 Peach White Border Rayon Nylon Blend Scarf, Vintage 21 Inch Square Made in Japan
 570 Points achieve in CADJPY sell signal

---

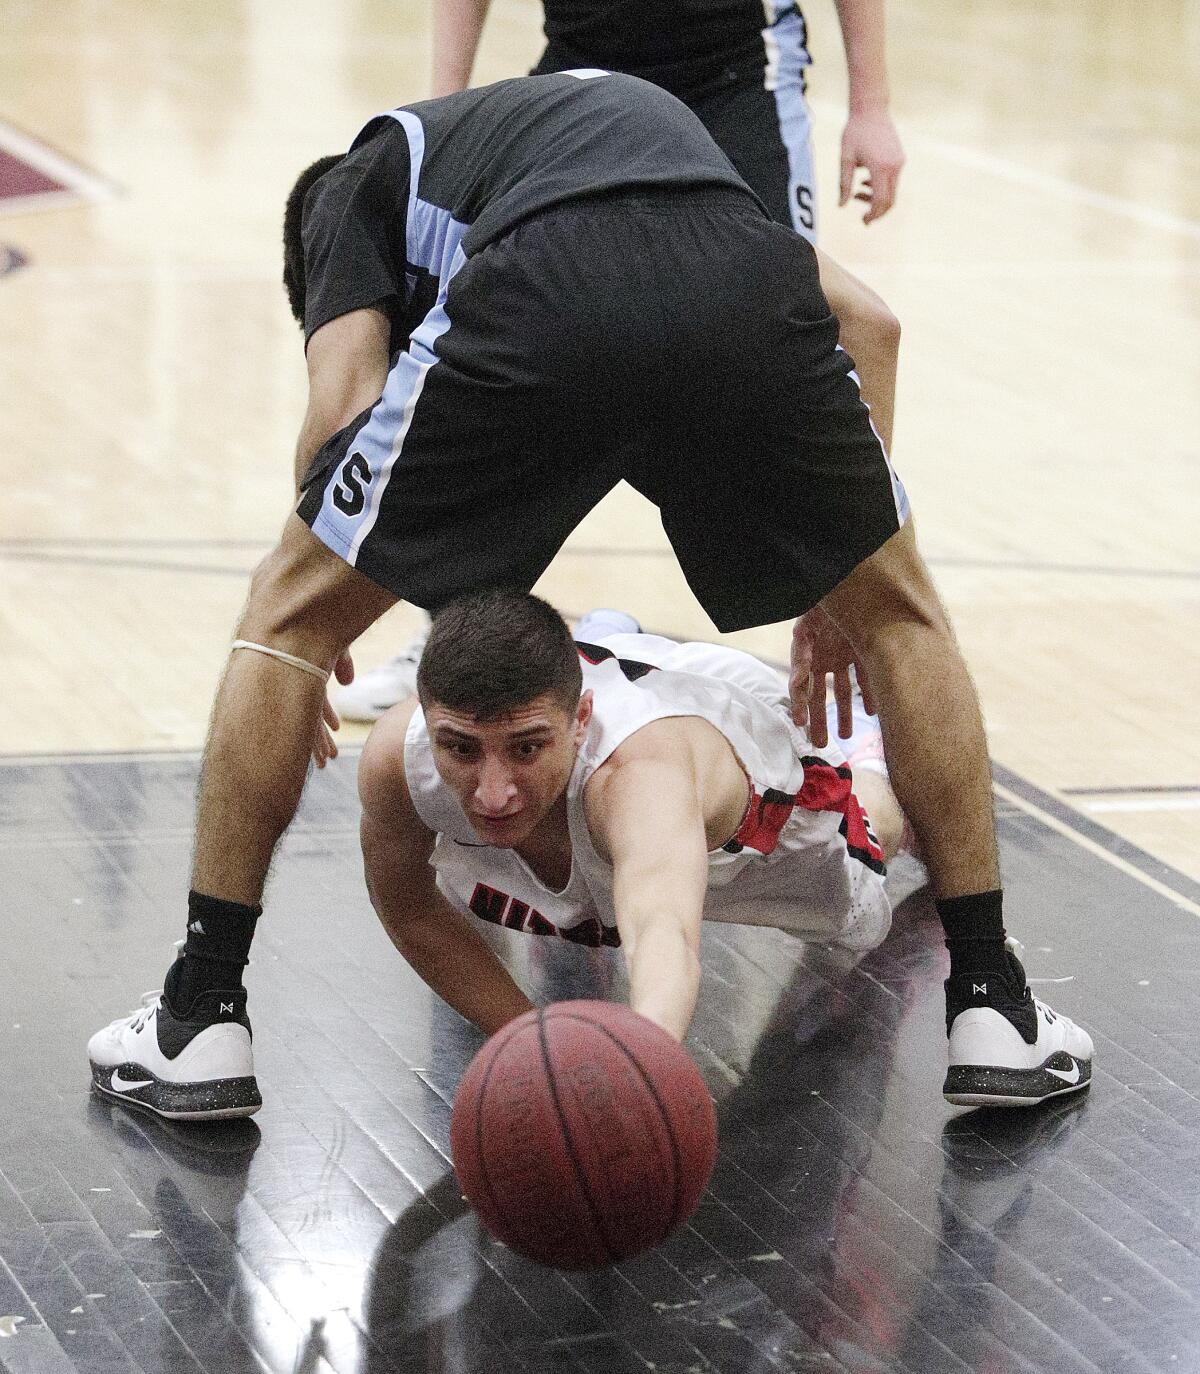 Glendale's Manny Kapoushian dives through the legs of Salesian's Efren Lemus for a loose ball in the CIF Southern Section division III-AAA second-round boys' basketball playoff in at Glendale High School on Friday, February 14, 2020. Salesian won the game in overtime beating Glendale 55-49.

--

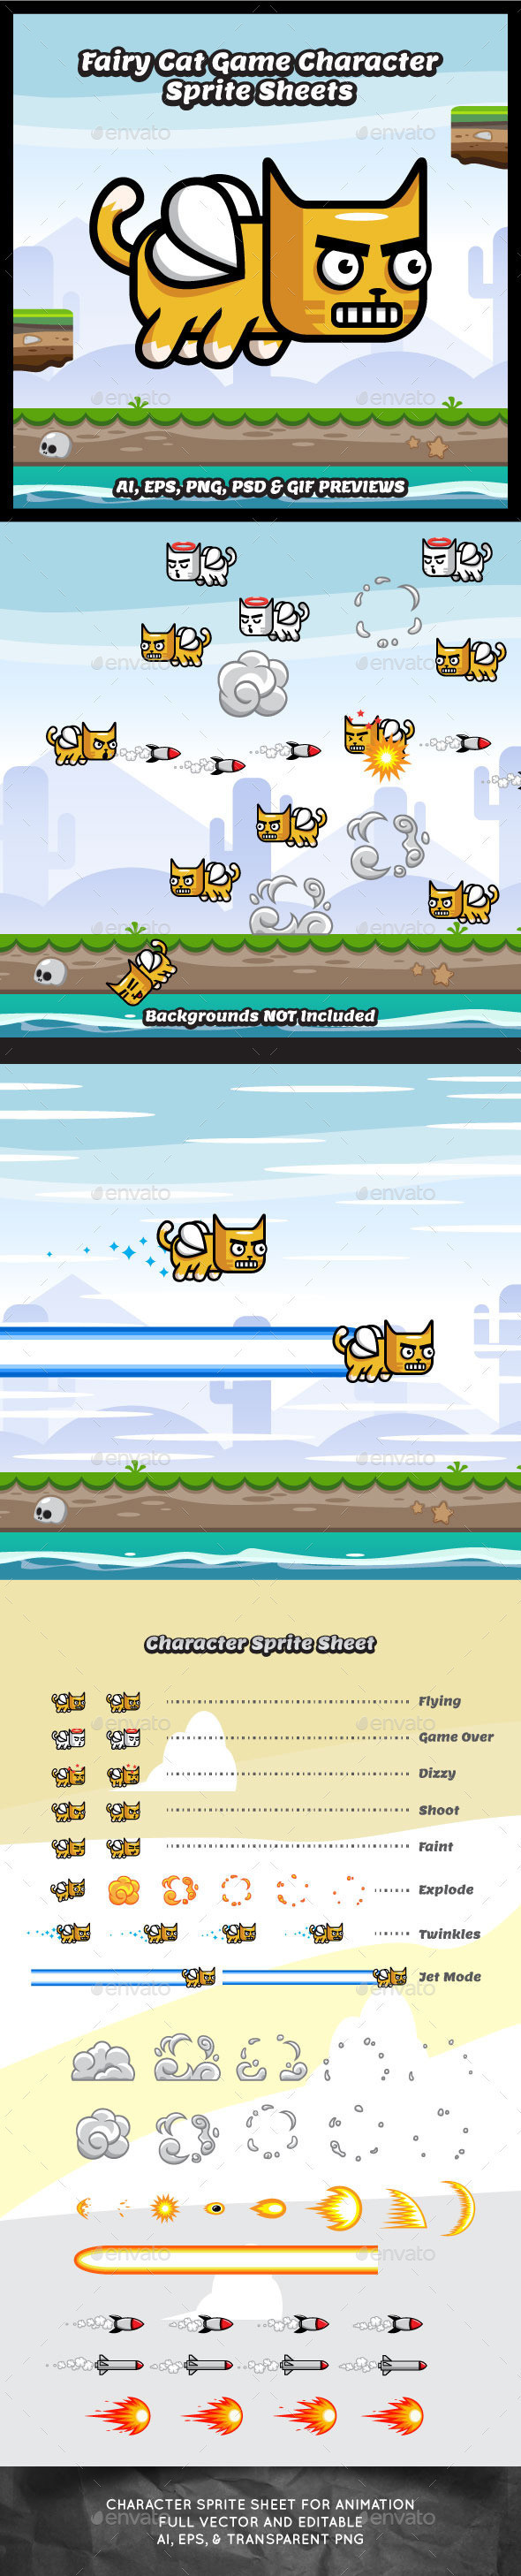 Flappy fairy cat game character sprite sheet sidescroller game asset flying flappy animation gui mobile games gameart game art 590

#### [Exercise directions]
Looking at the data above, return every line from the one with "Peach White Border" down to the one with "570 Points achieve in CADJPY sell signal", exactly and inclusively.

#### [Problem solution]
 Peach White Border Rayon Nylon Blend Scarf, Vintage 21 Inch Square Made in Japan
 570 Points achieve in CADJPY sell signal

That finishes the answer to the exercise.